The 510(k) clearance process primarily demonstrates substantial equivalence to a legally marketed predicate device, not necessarily detailed performance metrics against specific acceptance criteria.
Therefore, many of the requested fields cannot be filled from the provided text.
Here's a breakdown of what can be said based on the provided text, and what cannot:
Information that CANNOT be found in the provided document:
- A table of acceptance criteria and the reported device performance: This document does not detail specific performance metrics, such as sensitivity, specificity, accuracy, or any quantitative acceptance criteria.
- Sample sized used for the test set and the data provenance: No test set information is provided.
- Number of experts used to establish the ground truth for the test set and the qualifications of those experts: No ground truth establishment details are provided.
- Adjudication method (e.g., 2+1, 3+1, none) for the test set: No adjudication method is described.
- If a multi reader multi case (MRMC) comparative effectiveness study was done, If so, what was the effect size of how much human readers improve with AI vs without AI assistance: No MRMC study or AI assistance is mentioned. The device is described as "Dental Imaging Software" for display, adjustment, measurement, print, and storage of images, implying a viewing and processing tool rather than an AI diagnostic aid.
- If a standalone (i.e. algorithm only without human-in-the-loop performance) was done: No standalone performance is discussed, as the device is for use "by healthcare professionals to display, adjust, measure, print and store."
- The type of ground truth used (expert concensus, pathology, outcomes data, etc): No ground truth type is specified.
- The sample size for the training set: No training set information is provided.
- How the ground truth for the training set was established: No training set ground truth establishment details are provided.
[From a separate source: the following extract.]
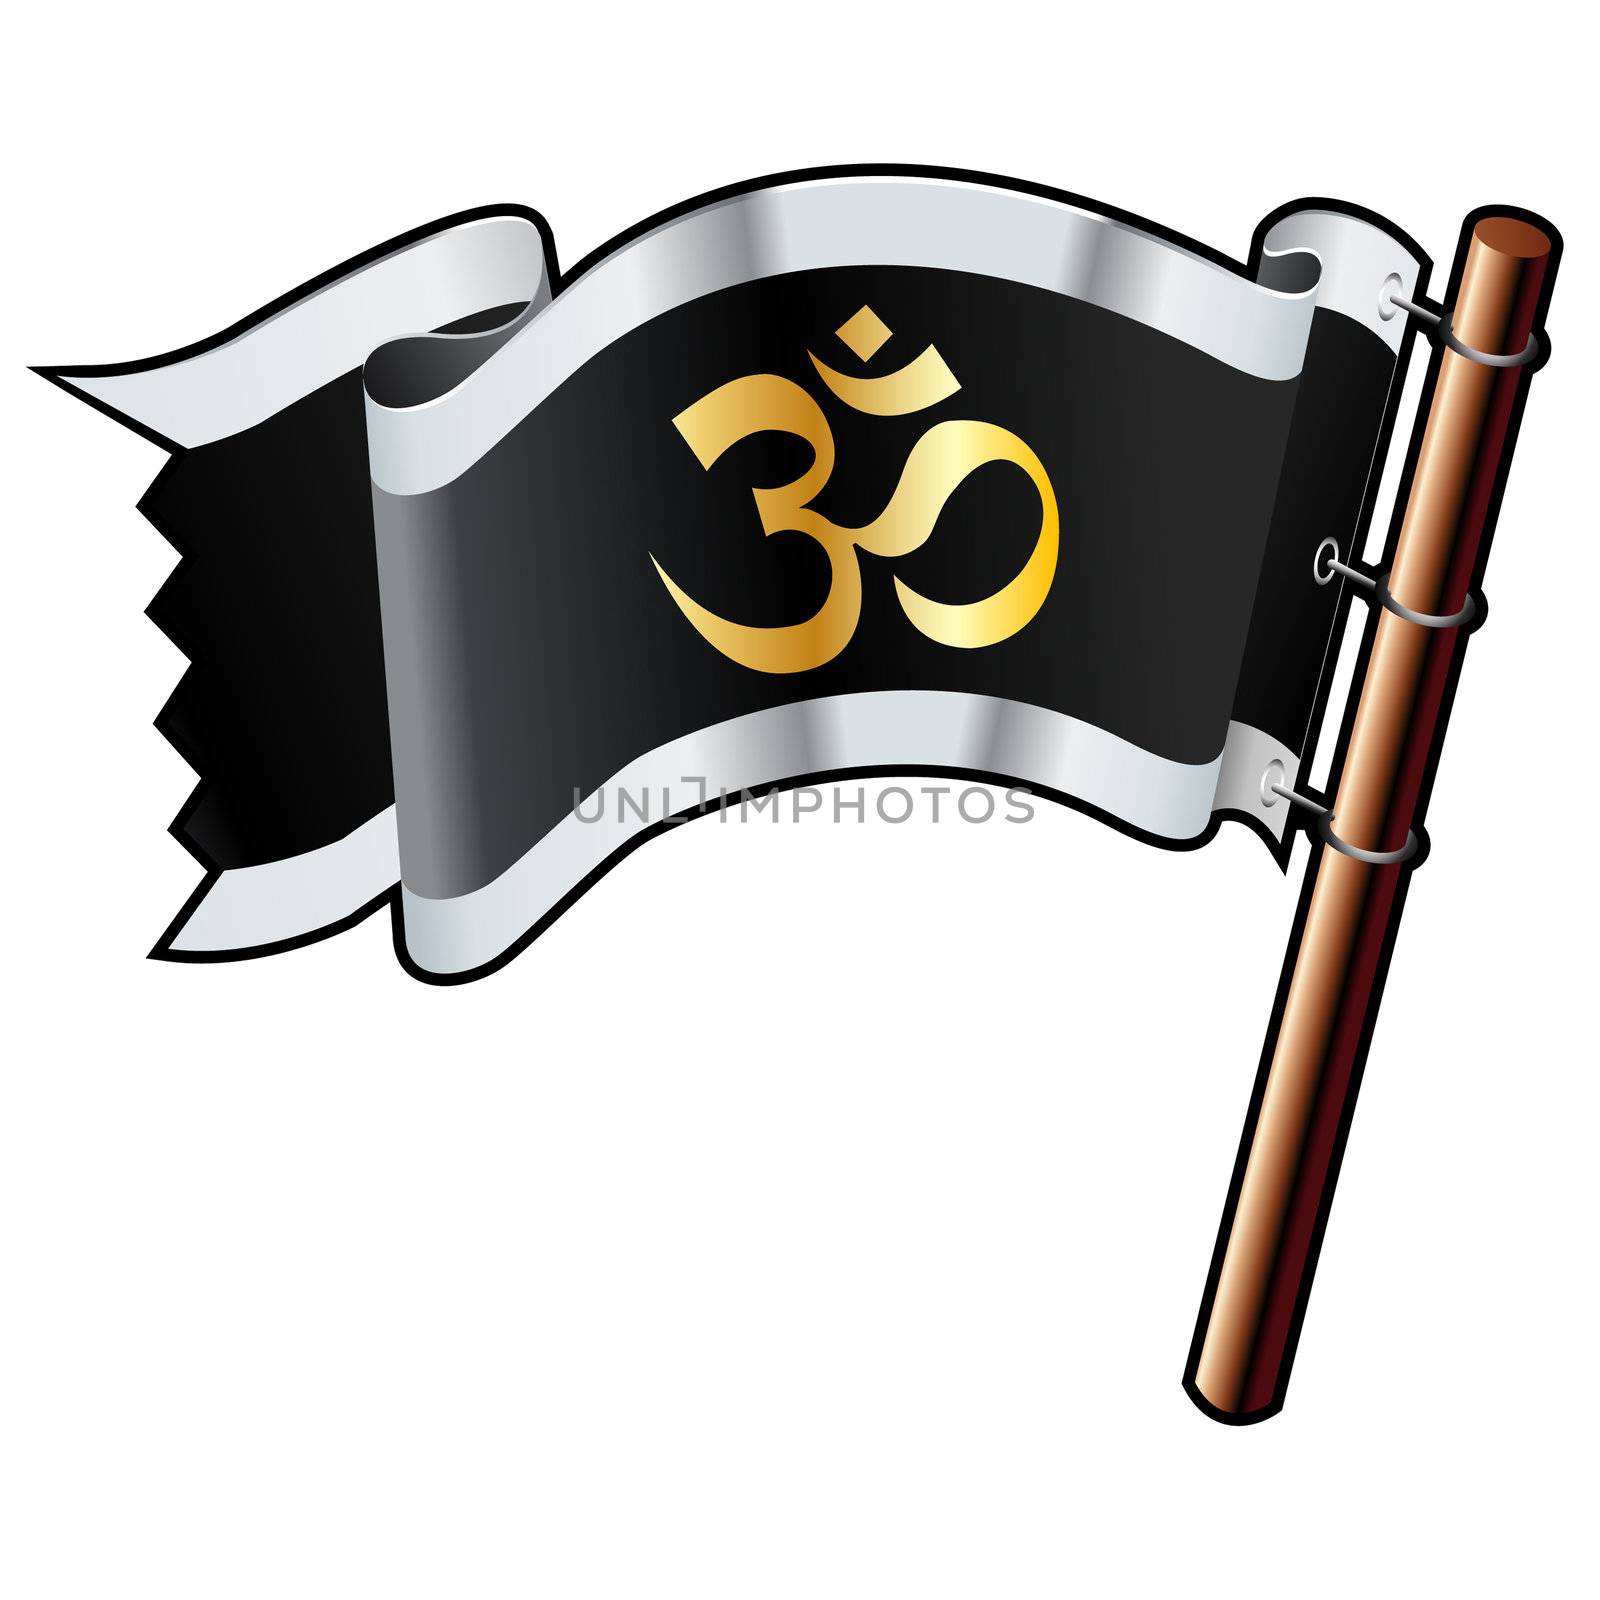 Hindu Om on pirate flag vector by lhfgraphics

Information that CAN be inferred or directly stated from the provided document:
The primary "acceptance criterion" for this 510(k) clearance, as stated in the letter, is substantial equivalence to a legally marketed predicate device. The letter explicitly states: "We have reviewed your Section 510(k) premarket notification... and have determined the device is substantially equivalent (for the indications for use stated in the enclosure) to legally marketed predicate devices."
The study that "proves" this equivalence is the 510(k) submission itself, which typically includes comparisons to predicate devices regarding technological characteristics, safety, and effectiveness. However, no details of this submission are present in the provided text.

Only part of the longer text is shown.